Saturday, June 15, 2024

IBM AIU (MMA) and Equitus.ai KGNN







Dorilton Capital and Stephens (DCS) can interact with International Investment and Banking Relationships by partnering with IBM, Equitus.ai and Williams Race Engineering to developing a Advanced Racing Ai platform.  Enhancing business intelligence and focusing efficient use of capital.




There are 2 main types of knowledge graphs: Property and Semantic


1. Property Graphs:

Property graphs generally comprise three elements:

- Nodes (representing entities or instances)

- Edges (representing relationships between nodes)

- Properties (representing attributes of nodes and edges)


Property graphs are commonly used in areas like social networks, recommendation systems, and fraud detection.


2. Semantic Knowledge Graphs (RDF Graphs):

Semantic knowledge graphs, also known as RDF graphs, are based on the Resource Description Framework (RDF) data model. They consist of:

- Entities (represented by URIs or blank nodes)

- Properties (representing relationships between entities)

- Literals (representing values like strings, numbers, dates)


Semantic knowledge graphs are designed to represent knowledge in a way that can be processed by machines, enabling reasoning and inference. They are often used in areas like linked open data, question answering, and scientific research.

The key differences are:

- Property graphs focus on representing instances and their relationships, while semantic knowledge graphs aim to represent conceptual knowledge and ontologies.

- Property graphs have a more flexible schema, while semantic knowledge graphs strictly follow the RDF data model and ontologies.

- Semantic knowledge graphs enable advanced reasoning and inference capabilities based on formal semantics and ontologies.

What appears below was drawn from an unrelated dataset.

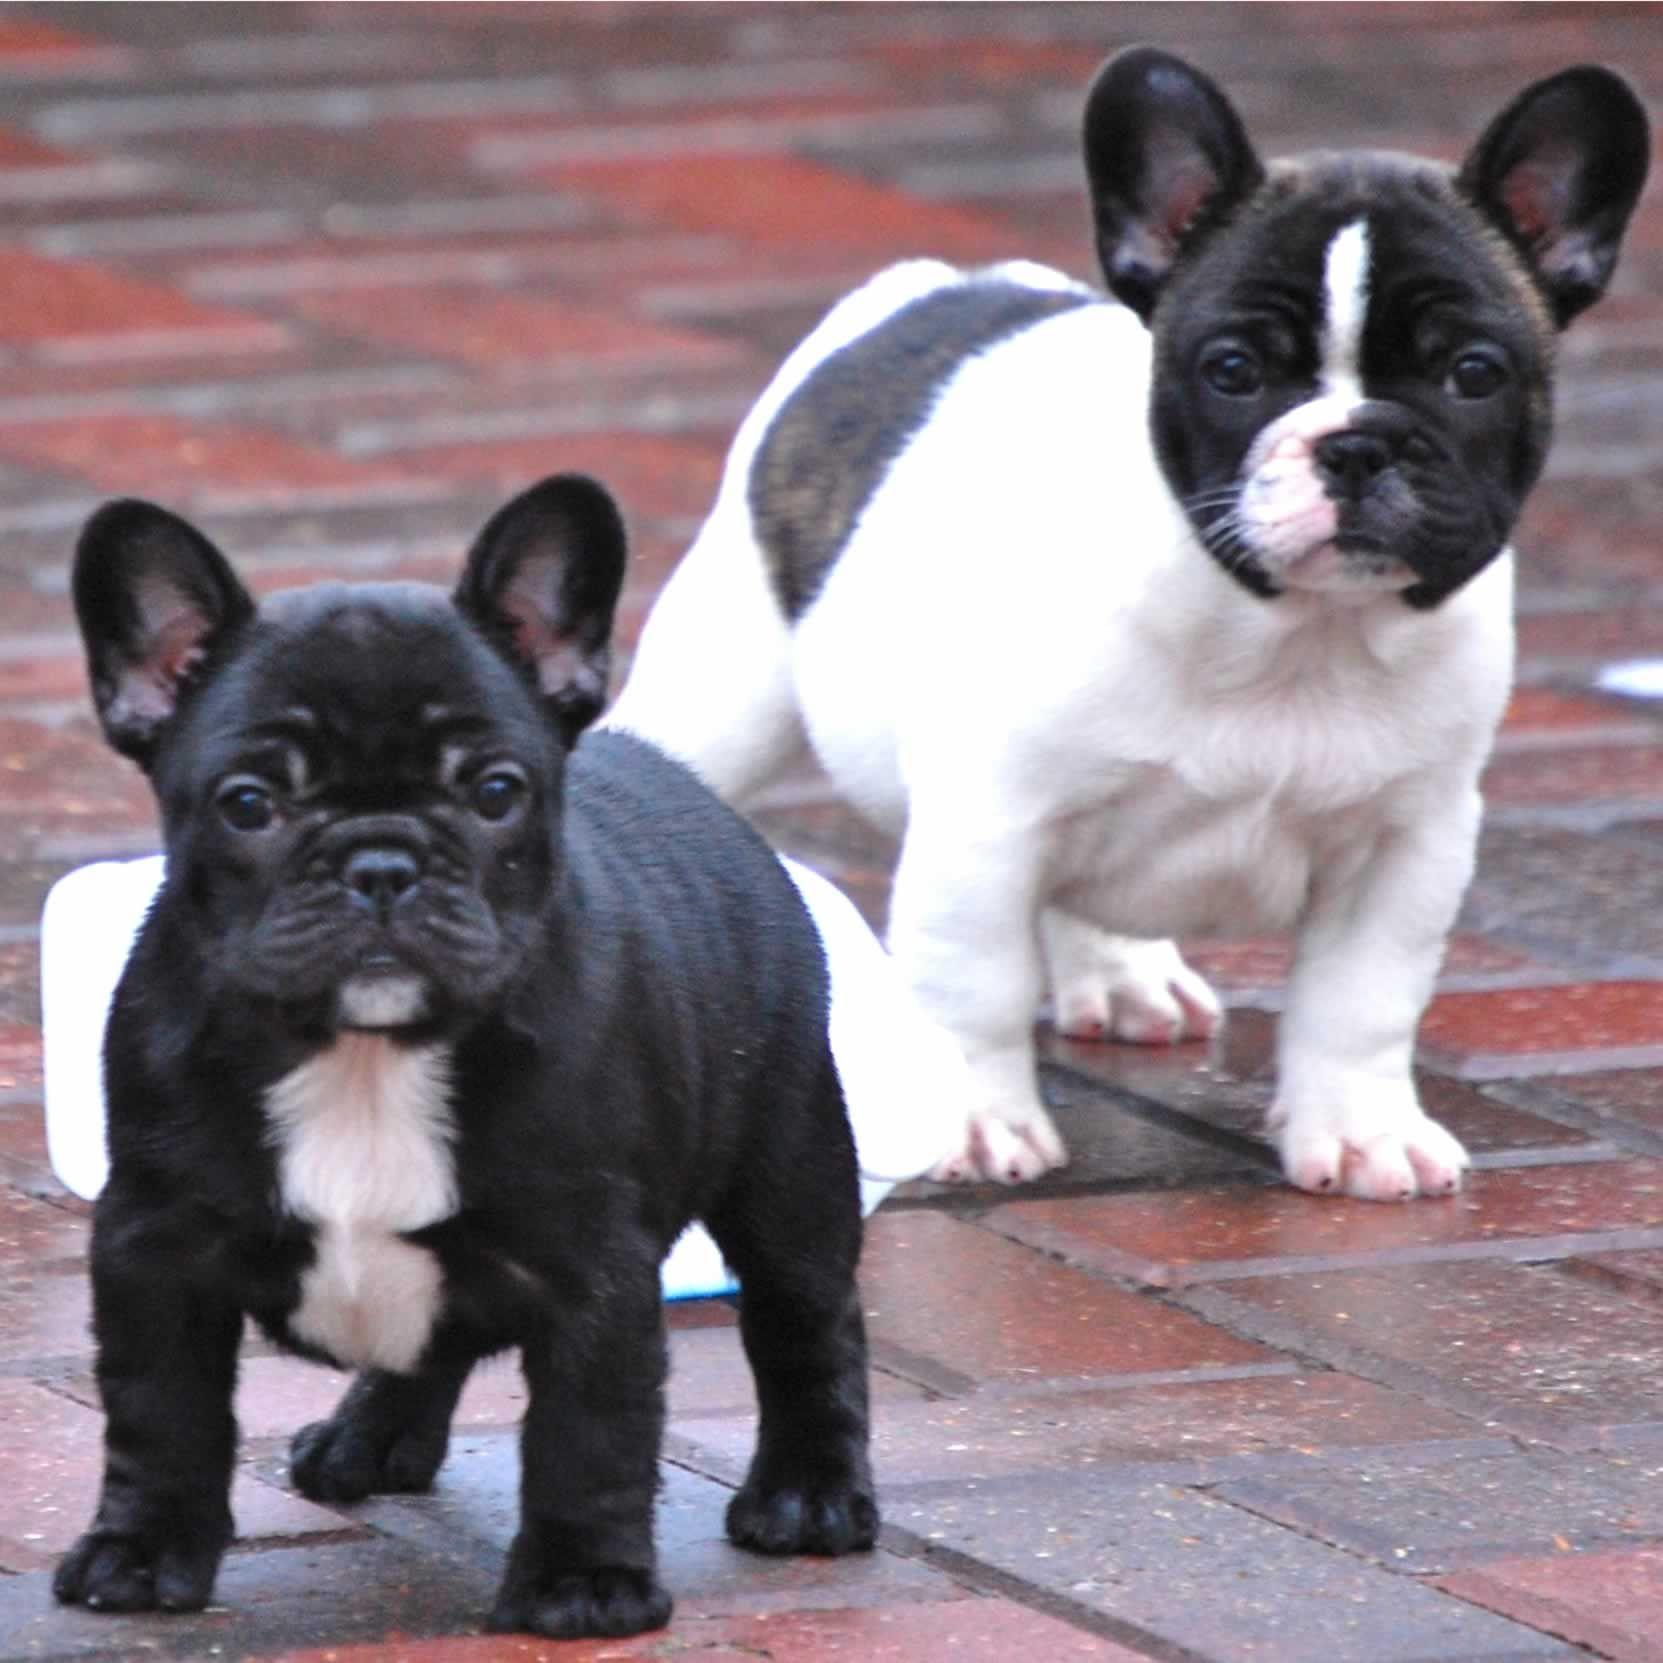 frenchies | bulldog puppies, french bulldog puppies, baby

Both types of knowledge graphs are useful for representing and reasoning over interconnected data, but they serve different purposes and have different strengths based on the specific use case and requirements.





Ai Executive Concerns:

Why build/ shift to IBM Power10 system with Equitus.ai Knowledge Graph Neural Network (KGNN), 

Job Displacement - Extend current uses and add Equitus Schema dev team
Data Security -  Validate using Advanced Systems Integration
Decision Transparency  -  Augment root of trust and legacy platforms
Response Accuracy -  TSRF - Time Space Relationship and Fact
Implementation Costs - Available and Energy Efficient



IBM Power10 servers with their Matrix Math Accelerators (MMA) and large memory capacity are well-suited for accelerating AI inferencing workloads like those from Equitus.ai's Knowledge Graph Neural Network (KGNN) system. The KGNN system incorporates Time, Space, Relationship and Facts to model complex real-world scenarios, which can help enterprises improve their AI capabilities in several ways:

## Improved Performance and Scalability
The Power10 MMA accelerators provide efficient parallelization for running AI models like KGNN, enabling high throughput and low latency for inferencing.[1] This allows enterprises to process large volumes of data and complex queries in real-time. The massive memory capacity of Power10 servers can accommodate the large knowledge graphs and models required by KGNN.[3]

## Secure and Trusted AI
Power10's built-in encryption capabilities like transparent memory encryption help secure the data flowing through AI models, preventing data leaks.[2] This allows enterprises to run sensitive AI workloads with confidence. The high reliability of IBM Power systems also ensures trusted insights from AI models.[3]

## Flexible Deployment 
Power10 servers like the S1012 are designed for edge deployments, allowing enterprises to run AI inferencing at the point of data generation, reducing latency.[2] They can also leverage hybrid cloud flexibility to run KGNN workloads seamlessly across on-prem, cloud and edge environments using consistent infrastructure.[3]

## Broad Applicability
The KGNN's modeling of time, space, relationships and facts makes it applicable to a wide range of enterprise use cases like fraud detection, risk analysis, supply chain optimization, predictive maintenance and more.[1] Deploying it on scalable Power10 infrastructure enables enterprises to drive AI-powered improvements across their operations.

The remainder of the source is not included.